Коза подняла полные слёз глаза на Мирона и вдруг уткнулась высоким лбом в его  бедро, вздохнула горестно, по-бабьи,  и… присмирела.
– Петрович, а ты ведь ей приглянулся, не иначе! – обрадовалась Галина. – Ну, вот тебе и физкультура, и занятие, чтоб не скучать: будешь теперь выгуливать Агату.
Так и повелось с этого дня. Галина по дому да по огороду управляется, а Мирон тем временем с козой гуляет. Пока она одуванчиками да клевером лакомится, он потихоньку косой помахивает, сено к зиме впрок заготавливает. Поработает до пота, присядет передохнуть на шёлковистой траве, бегучей речной течью залюбуется, аиста долгим взглядом проводит и не услышит, как Агата сзади подойдёт и стоит тихонечко рядом, травку жуёт. Стукнет легонько рожками в бок, мекнет строго, мол, хватит тебе на небо смотреть! Молоку уже тесно в вымени!
Заспешат домой. Галина Аркадьевна с полотенцем и ведром поджидает гуляк. И Мирон усаживается на приготовленный ею стульчик, потому что сам наловчился козу доить. Лучше всякой бабы управляется: с такой  нежностью обмоет и промнёт набрякшее вымя, что Агата всё, до последней капельки, молоко отдаст. А молоко вкусное: сладкое, сытное, травами дышащее. Приложится к ведру Мирон, отведёт душу, вытрет рукой стекающие по подбородку молочные струйки, медленно оближет губы: ничего вкуснее не пивал! А коза, как собака, преданно в глаза хозяину заглядывает: угодила ль?
– Угодила, угодила, кормилица, – успокоит её Петрович. – Пойдём, матушка, теперь строительством заниматься. Придёт осень с дождями и холодами, отвадит от долгих прогулок.
Вот уже несколько дней, как Мирон Петрович в сарае козлятник сооружал с деревянными уклонными полами для стока нечистот и с полками для отдыха вдоль стенок. Животные на таких полках охотно отдыхают. Работы был непочатый край: предстояло ещё ясельную кормушку сколотить, поилку установить, место для хранения сена подготовить. Стучит увлечённо молотком Петрович, а Агата вокруг резвится, радуется: для неё хозяин старается…

4
Помутнела от холодных дождей река. Потемнели и полегли травы. Галки стали сбиваться в стаи – верно, холода уже в пути. Погрустнела и притихла и без того малолюдная и нешумная деревенька.
Зато Агата к зиме точно взбеленилась. Злится, брыкает, от еды отказывается, блеет без умолку, хвостом туда-сюда дёргает, как маятником. Что с козой сталось? Мирон весь испереживался:
– Может, ветеринара пригласить?  Коза немолодая. Судя по зубам, не меньше шести лет: от некоторых резцов одни пеньки остались. Что, если копыта откинет, сердешная!
Галина и сама встревожилась не на шутку. Набросила полушалочку на плечи и метнулась к соседке, бабе Лизе, за советом: она всю жизнь в деревне прожила, лучше всякого ветеринара определит, что за беда с козой приключилась.
– В охотке строптивица ваша. Козла ей надо. Однако ж срок случки давно вышел. Этим нужно было заняться ещё в августе-сентябре, – со знанием дела прояснила картину опытная баба Лиза.

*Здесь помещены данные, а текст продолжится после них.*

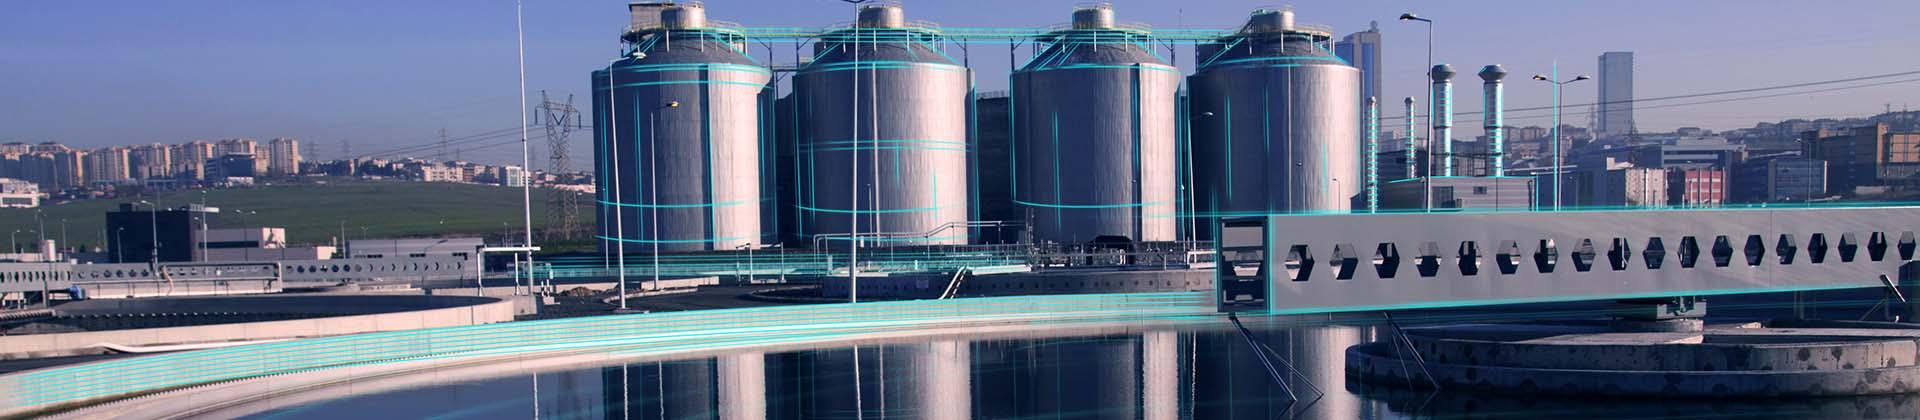 wastewater treatment plant, sludge treatment

Примчалась Галина домой. Успокоила мужа, что опасности особой нет. Решать обоюдно стали, как козу урезонить. Додумались. Позвонила Галина в ближайшее село, приятельнице своей:
– Рита, есть у тебя на примете в вашем селе козёл какой?
– А на что он тебе, Галя? Своего мало? – рассыпалась смехом подруга.
– Вот глупая баба! Попридержи язык свой бестолковый! Да моему Петровичу цены нет! Второго такого на всём белом свете не сыщешь. А козёл понадобился Агате, козе нашей.
– Сбрендила, что ль? Да где ж я тебе в конце ноября козла отыщу? Кто их зиму просто так держать будет? От козла ни шерсти, ни молока. Исполнил свою роль – покрыл самок – и в расход. А вообще-то, погоди... – призадумалась хохотушка. – Есть тут у соседа один козлик, но маленький, полгода ему только. Осилит ли задачу? Узнаю, перезвоню.
Дождавшись положительного ответа, стали «невесту» на смотрины собирать. Вызвонили из города такси; под недовольное бурчание водителя затолкали ревущую Агату на заднее сиденье; сели сами. Благо, до дома «жениха» езды всего десять вёрст, иначе оглохли бы от козьих арий. Насилу уговорили таксиста за двойную плату всю компанию обратно отвезти  после важного мероприятия.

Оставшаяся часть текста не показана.